For James Kilgore, who had personal experience of it, this may be no bad thing. He paints a dismal picture of EM use in the USA, with lockdown forms of home confinement co-existing with GPS. Kilgore also notes how lucrative EM remains for local and global businesses. Craig Paterson explores the neoliberal rationales which increasingly drive the global trade in ‘technocorrections’, eroding by different degrees in different places the imperfectly humanitarian forms of penal practice that had gained traction under social democracy. Paterson rightly says that the political and commercial imperatives to upgrade EM are ‘contestable’, but no means of contestation are good for all time, and the ways that have worked in Europe up to now may be vulnerable from unlikely sources.

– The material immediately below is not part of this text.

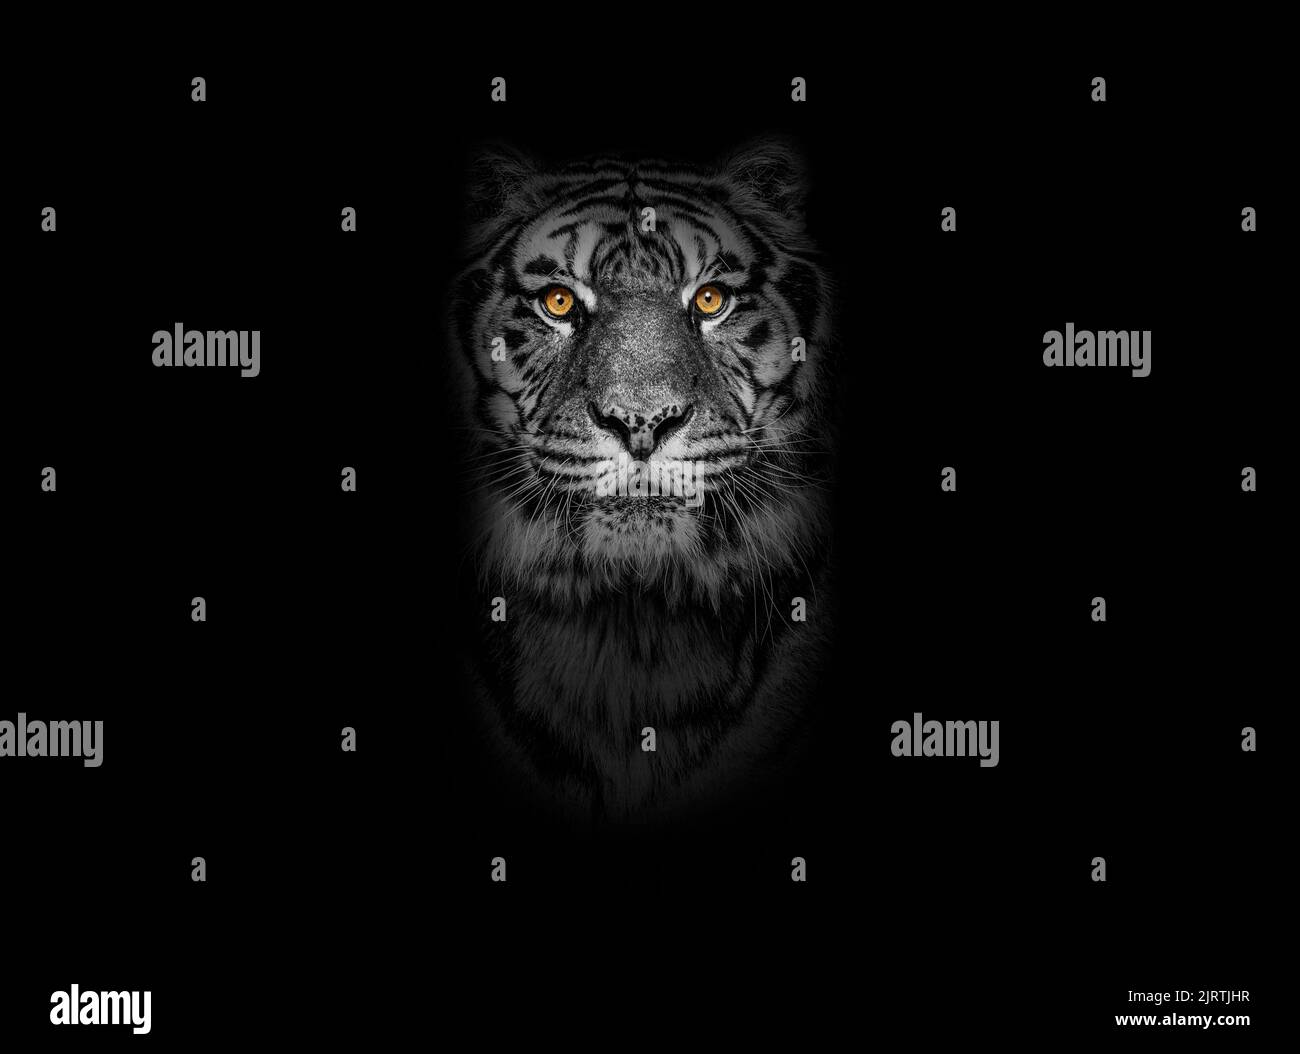 Black and white portrait of a Tiger looking at the camera on black background, yellow eyed Stock Photo

The wise and necessary insights of desistance research have been cynically used by English policymakers to legitimate dispensing with the Probation Service, and everybody buys into desistance, right? Academics beware. Any finding that stand-alone EM can have positive effects on its own, however slight or occasional, might well be used politically to justify less integrated forms of EM, which may only require a little ‘assisted compliance’ from non-professionals to help people get through them. Far from EM supporting social work, as it has sometimes done, social assistance from non-professionals comes to support EM as an end in itself. Nor does it matter that EM has only a demonstrably ‘limited’, short-term effect – the obvious political solution to that is further successive periods of EM, intermittent or incessant oversight with one technology or another, maybe several all at once. We live in new times.

References

Nellis, M, (2014), ‘Understanding the Electronic Monitoring of Offenders in Europe: expansion, regulation and prospects’, in Crime, Law and Social Change.